When you are administering an Exadata or more Exadata’s, you probably have multiple databases running on different database or “computing” nodes. In order to understand what kind of IO you are doing, you can look inside the statistics of your database, and look in the data dictionary what that instance or instances (in case of RAC) have been doing. When using Exadata there is a near 100% chance you are using either normal redundancy or high redundancy, of which most people know the impact of the “write amplification” of both normal and high redundancy of ASM (the write statistics in the Oracle data dictionary do not reflect the additional writes needed to satisfy normal (#IO times 2) or high (#IO times 3) redundancy). This means there might be difference in IOs between what you measure or think for your database is doing, and actually is done at the storage level.

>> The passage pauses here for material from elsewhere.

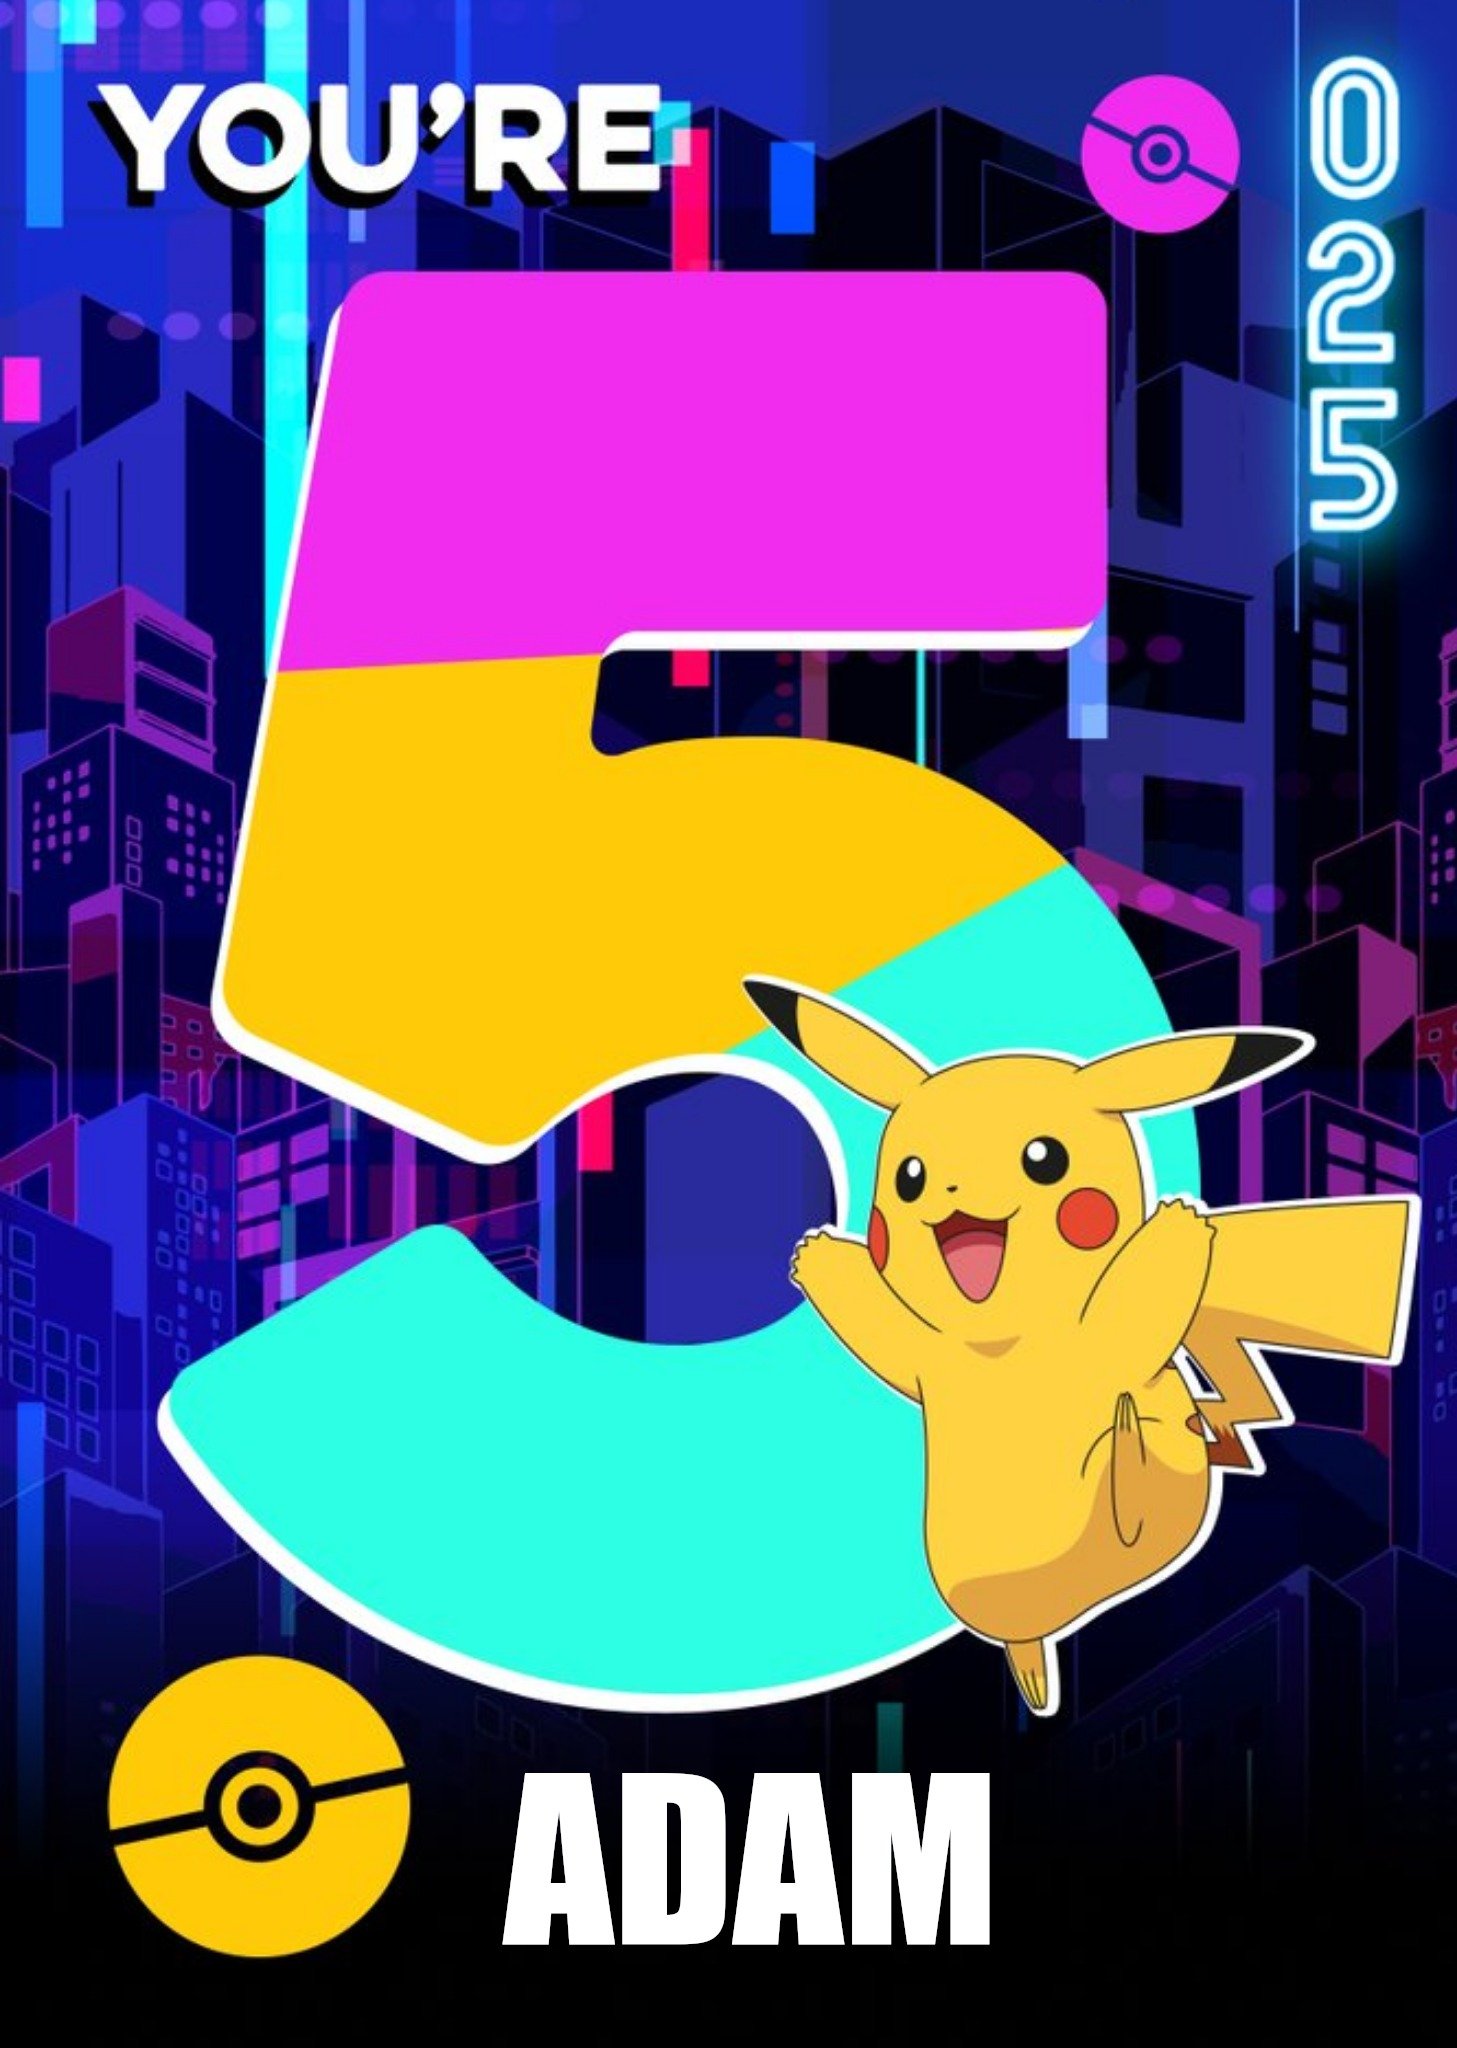 Pokemon Pikachu You Are 5 Age Birthday Card Ecard

But what if you want to know what is happening on the storage level, so on the level of the cell or actually “cellsrv”, which is the process which makes IO flow to your databases? One option is to run “iostat -x”, but that gives a list that is quite hard readable (too much disk devices); and: it doesn’t show you what the reason for the IO was: redo write? controlfile read? Archivelog? This would especially be great if you want to understand what is happening if your IO behaves different than you expect, and you’ve ruled out IORM.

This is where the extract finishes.